Diagnostica Stago, Inc. recalls STA Satellite. Product Code: All references. All software versions. The STA Satellite is a fully automated benchtop ana…

Recall date

July 21, 2025

Source

U.S. Food & Drug Administration (FDA) — enforcement report

Recall number

Z-2473-2025

FDA classification

Class II

Brand / firm

Diagnostica Stago, Inc.

Sold / distributed

Worldwide - US Nationwide distribution in the states of AL, AZ, CA, CO, FL, GA, LA, MD, ME, MN, MO, MT, NC, OH, OK, OR, PA, PR, SD, VT, WI, WY and the countries of Algeria, Argentina, Austria, Brazil, Bulgaria, Canada, Chile, Colombia, Costa Rica, France, French Polynesie, Guadeloupe, India, Iran,…

Why it was recalled

Potential for contamination of STA-LIQUID ANTI-Xa by Stago Fibrinogen reagents in UFH and LMWH applications.

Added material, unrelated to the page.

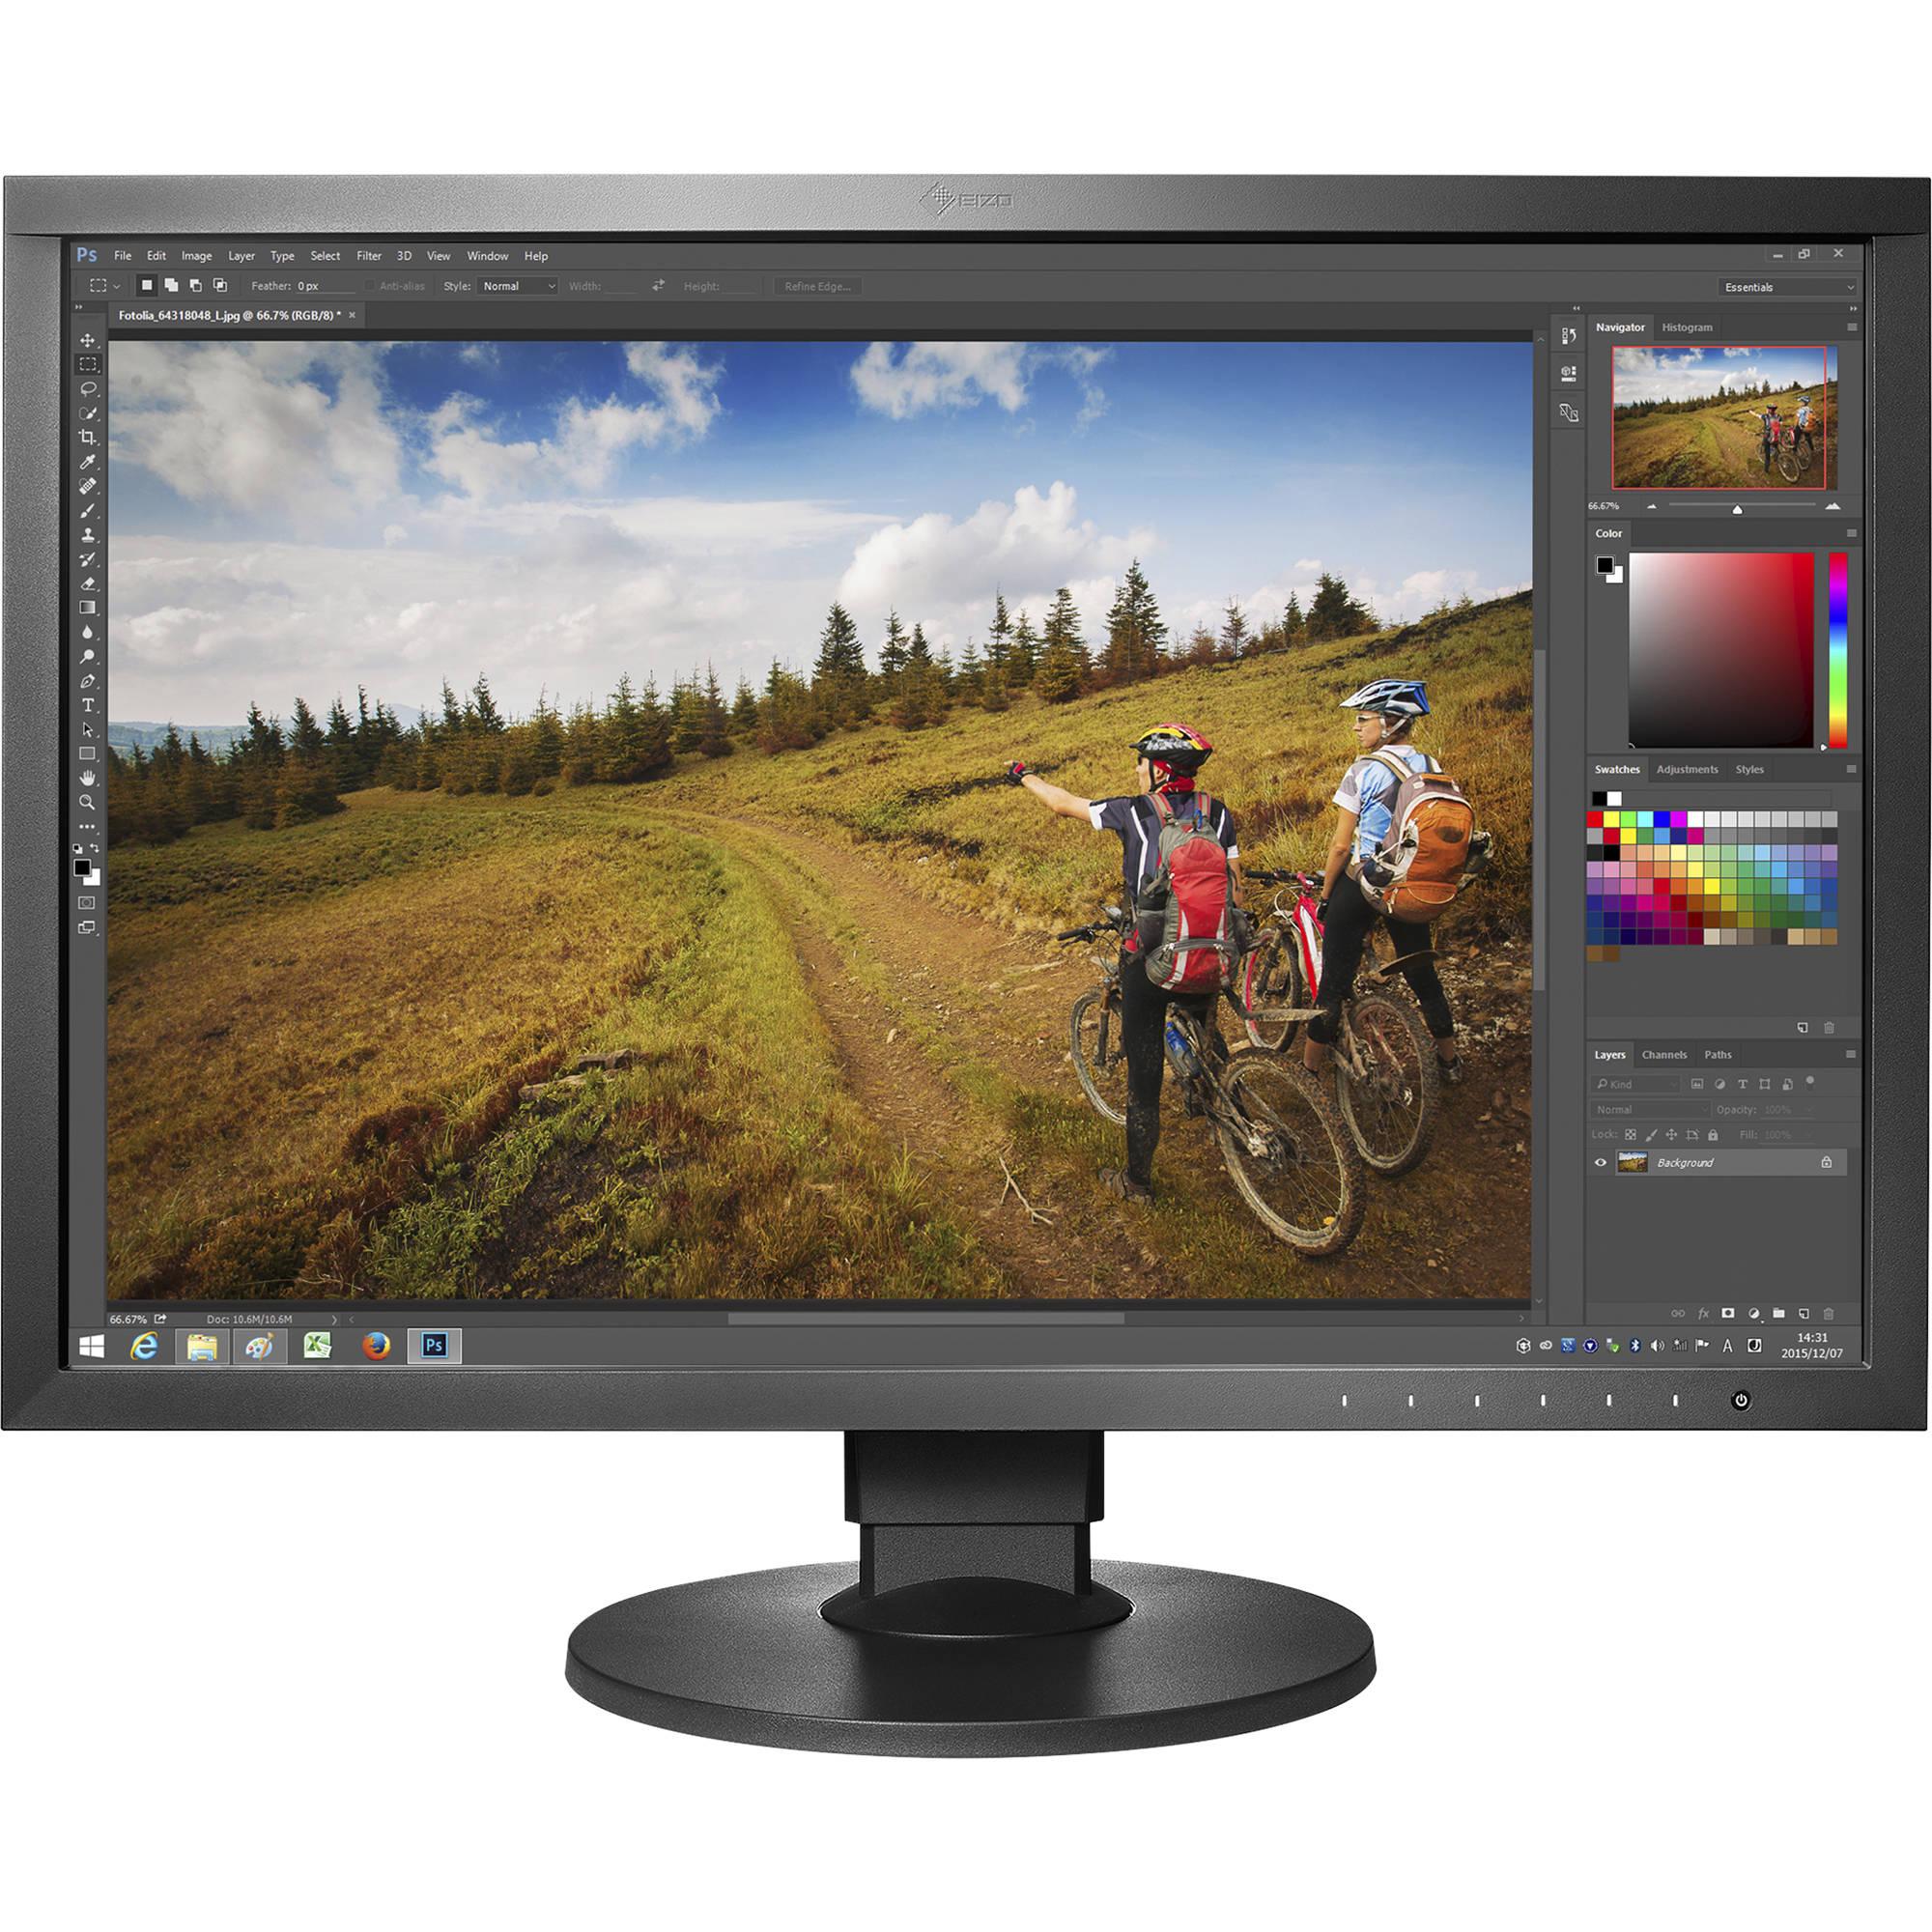 Eizo Coloredge Cs2420 24 1610 Ips Monitor Bk Bh Fuse Condition With Led Indicator
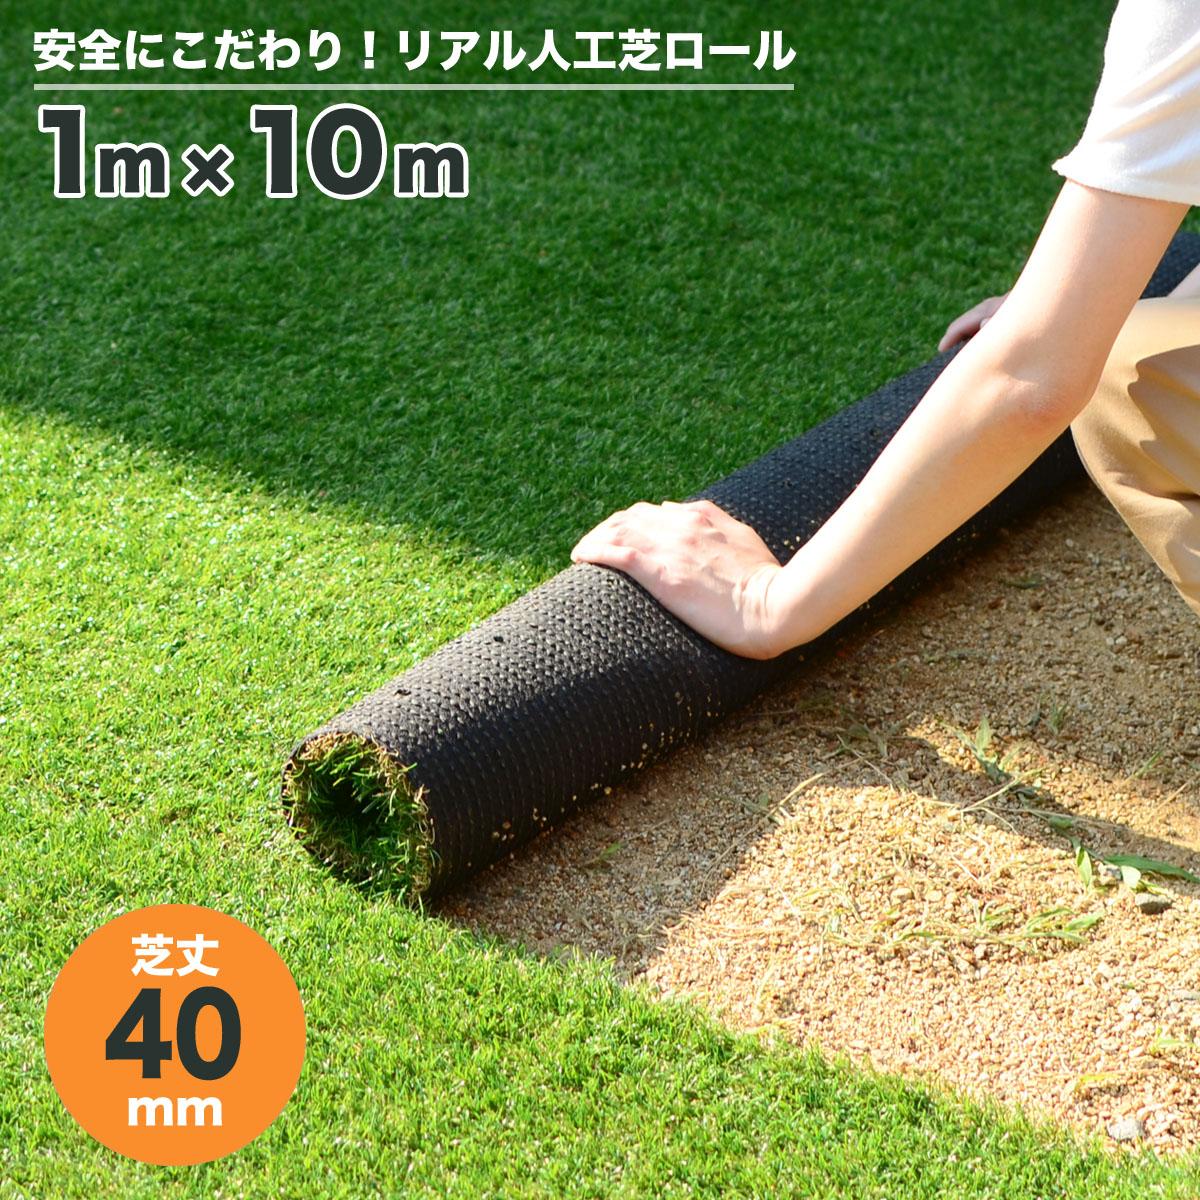 人工芝 芝生 色までリアルなロール人工芝 芝丈40mm (幅1m × 長さ10m) 安全検査実施済 水はけ穴有り fme-4010

Class II means using this product may cause temporary or medically reversible health problems; the chance of serious harm is remote.

What was recalled

STA Satellite. Product Code: All references. All software versions. The STA Satellite is a fully automated benchtop analyzer capable of simultaneously performing clotting, chromogenic, and immunologic assays.